**TASK PROMPT**
What you return should be the lines from the first line of the records below through the line holding "Препарат для лечения", unchanged.

**MATERIAL TO PROCESS**
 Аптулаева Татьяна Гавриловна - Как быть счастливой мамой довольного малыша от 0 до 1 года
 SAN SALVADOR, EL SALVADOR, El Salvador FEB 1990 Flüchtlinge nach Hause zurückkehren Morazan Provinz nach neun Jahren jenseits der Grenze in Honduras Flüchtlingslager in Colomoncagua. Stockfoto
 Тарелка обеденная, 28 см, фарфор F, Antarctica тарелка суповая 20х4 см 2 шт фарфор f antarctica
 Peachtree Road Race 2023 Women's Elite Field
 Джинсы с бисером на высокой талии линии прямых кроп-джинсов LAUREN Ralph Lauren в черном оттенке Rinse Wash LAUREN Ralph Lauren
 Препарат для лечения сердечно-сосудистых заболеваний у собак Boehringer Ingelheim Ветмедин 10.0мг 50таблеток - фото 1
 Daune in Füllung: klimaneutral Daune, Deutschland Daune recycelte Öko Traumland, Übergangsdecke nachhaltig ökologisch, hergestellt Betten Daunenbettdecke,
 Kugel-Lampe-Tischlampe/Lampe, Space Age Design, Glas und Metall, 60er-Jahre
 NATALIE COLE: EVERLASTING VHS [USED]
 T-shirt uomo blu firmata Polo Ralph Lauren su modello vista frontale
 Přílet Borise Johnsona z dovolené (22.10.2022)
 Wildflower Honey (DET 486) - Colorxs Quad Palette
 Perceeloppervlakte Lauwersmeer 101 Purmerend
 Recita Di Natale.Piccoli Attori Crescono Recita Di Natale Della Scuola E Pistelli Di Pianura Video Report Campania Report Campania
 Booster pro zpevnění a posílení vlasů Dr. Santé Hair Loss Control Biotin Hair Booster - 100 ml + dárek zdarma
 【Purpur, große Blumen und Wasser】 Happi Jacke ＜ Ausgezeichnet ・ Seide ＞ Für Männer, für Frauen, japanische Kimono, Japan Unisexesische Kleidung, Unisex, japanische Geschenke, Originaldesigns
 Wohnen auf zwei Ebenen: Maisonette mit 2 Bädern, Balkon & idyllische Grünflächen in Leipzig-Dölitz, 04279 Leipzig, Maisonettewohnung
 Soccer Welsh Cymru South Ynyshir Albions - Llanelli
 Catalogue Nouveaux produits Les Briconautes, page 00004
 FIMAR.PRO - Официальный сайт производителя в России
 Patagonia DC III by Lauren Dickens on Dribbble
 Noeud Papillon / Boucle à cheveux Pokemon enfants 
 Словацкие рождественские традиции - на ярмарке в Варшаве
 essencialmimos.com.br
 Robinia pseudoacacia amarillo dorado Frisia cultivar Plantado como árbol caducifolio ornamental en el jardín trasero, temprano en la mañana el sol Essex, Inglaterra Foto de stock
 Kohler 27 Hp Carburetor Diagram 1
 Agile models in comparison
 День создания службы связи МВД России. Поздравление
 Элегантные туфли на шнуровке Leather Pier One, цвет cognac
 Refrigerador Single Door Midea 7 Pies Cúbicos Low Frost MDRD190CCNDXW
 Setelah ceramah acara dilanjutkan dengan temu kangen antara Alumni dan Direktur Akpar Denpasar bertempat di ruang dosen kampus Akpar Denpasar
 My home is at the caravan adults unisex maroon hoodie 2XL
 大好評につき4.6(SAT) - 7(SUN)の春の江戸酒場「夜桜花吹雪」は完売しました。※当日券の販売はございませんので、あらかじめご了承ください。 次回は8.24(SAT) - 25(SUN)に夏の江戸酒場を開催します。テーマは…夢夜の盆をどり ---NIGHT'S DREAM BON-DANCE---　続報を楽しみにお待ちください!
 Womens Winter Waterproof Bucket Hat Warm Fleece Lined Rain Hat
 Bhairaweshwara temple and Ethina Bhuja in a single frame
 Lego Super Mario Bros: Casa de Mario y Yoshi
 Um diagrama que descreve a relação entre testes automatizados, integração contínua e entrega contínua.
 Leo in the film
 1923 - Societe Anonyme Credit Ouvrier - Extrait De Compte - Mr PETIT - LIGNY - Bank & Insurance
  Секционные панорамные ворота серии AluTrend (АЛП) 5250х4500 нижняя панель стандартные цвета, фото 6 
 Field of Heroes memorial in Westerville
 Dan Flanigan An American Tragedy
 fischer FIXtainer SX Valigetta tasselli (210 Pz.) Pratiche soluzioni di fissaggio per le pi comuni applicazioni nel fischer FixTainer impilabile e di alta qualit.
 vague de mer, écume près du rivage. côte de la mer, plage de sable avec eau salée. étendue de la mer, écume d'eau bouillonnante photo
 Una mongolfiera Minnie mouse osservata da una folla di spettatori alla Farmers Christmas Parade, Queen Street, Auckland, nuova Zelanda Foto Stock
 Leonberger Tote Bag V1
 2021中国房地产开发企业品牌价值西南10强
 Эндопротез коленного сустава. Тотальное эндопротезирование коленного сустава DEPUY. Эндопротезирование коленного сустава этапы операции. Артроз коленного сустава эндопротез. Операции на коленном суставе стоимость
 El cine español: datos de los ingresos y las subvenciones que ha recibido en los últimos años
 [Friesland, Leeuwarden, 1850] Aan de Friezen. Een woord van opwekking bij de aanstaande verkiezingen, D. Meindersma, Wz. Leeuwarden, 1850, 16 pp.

**ANSWER FOR THE TASK**
 Аптулаева Татьяна Гавриловна - Как быть счастливой мамой довольного малыша от 0 до 1 года
 SAN SALVADOR, EL SALVADOR, El Salvador FEB 1990 Flüchtlinge nach Hause zurückkehren Morazan Provinz nach neun Jahren jenseits der Grenze in Honduras Flüchtlingslager in Colomoncagua. Stockfoto
 Тарелка обеденная, 28 см, фарфор F, Antarctica тарелка суповая 20х4 см 2 шт фарфор f antarctica
 Peachtree Road Race 2023 Women's Elite Field
 Джинсы с бисером на высокой талии линии прямых кроп-джинсов LAUREN Ralph Lauren в черном оттенке Rinse Wash LAUREN Ralph Lauren
 Препарат для лечения сердечно-сосудистых заболеваний у собак Boehringer Ingelheim Ветмедин 10.0мг 50таблеток - фото 1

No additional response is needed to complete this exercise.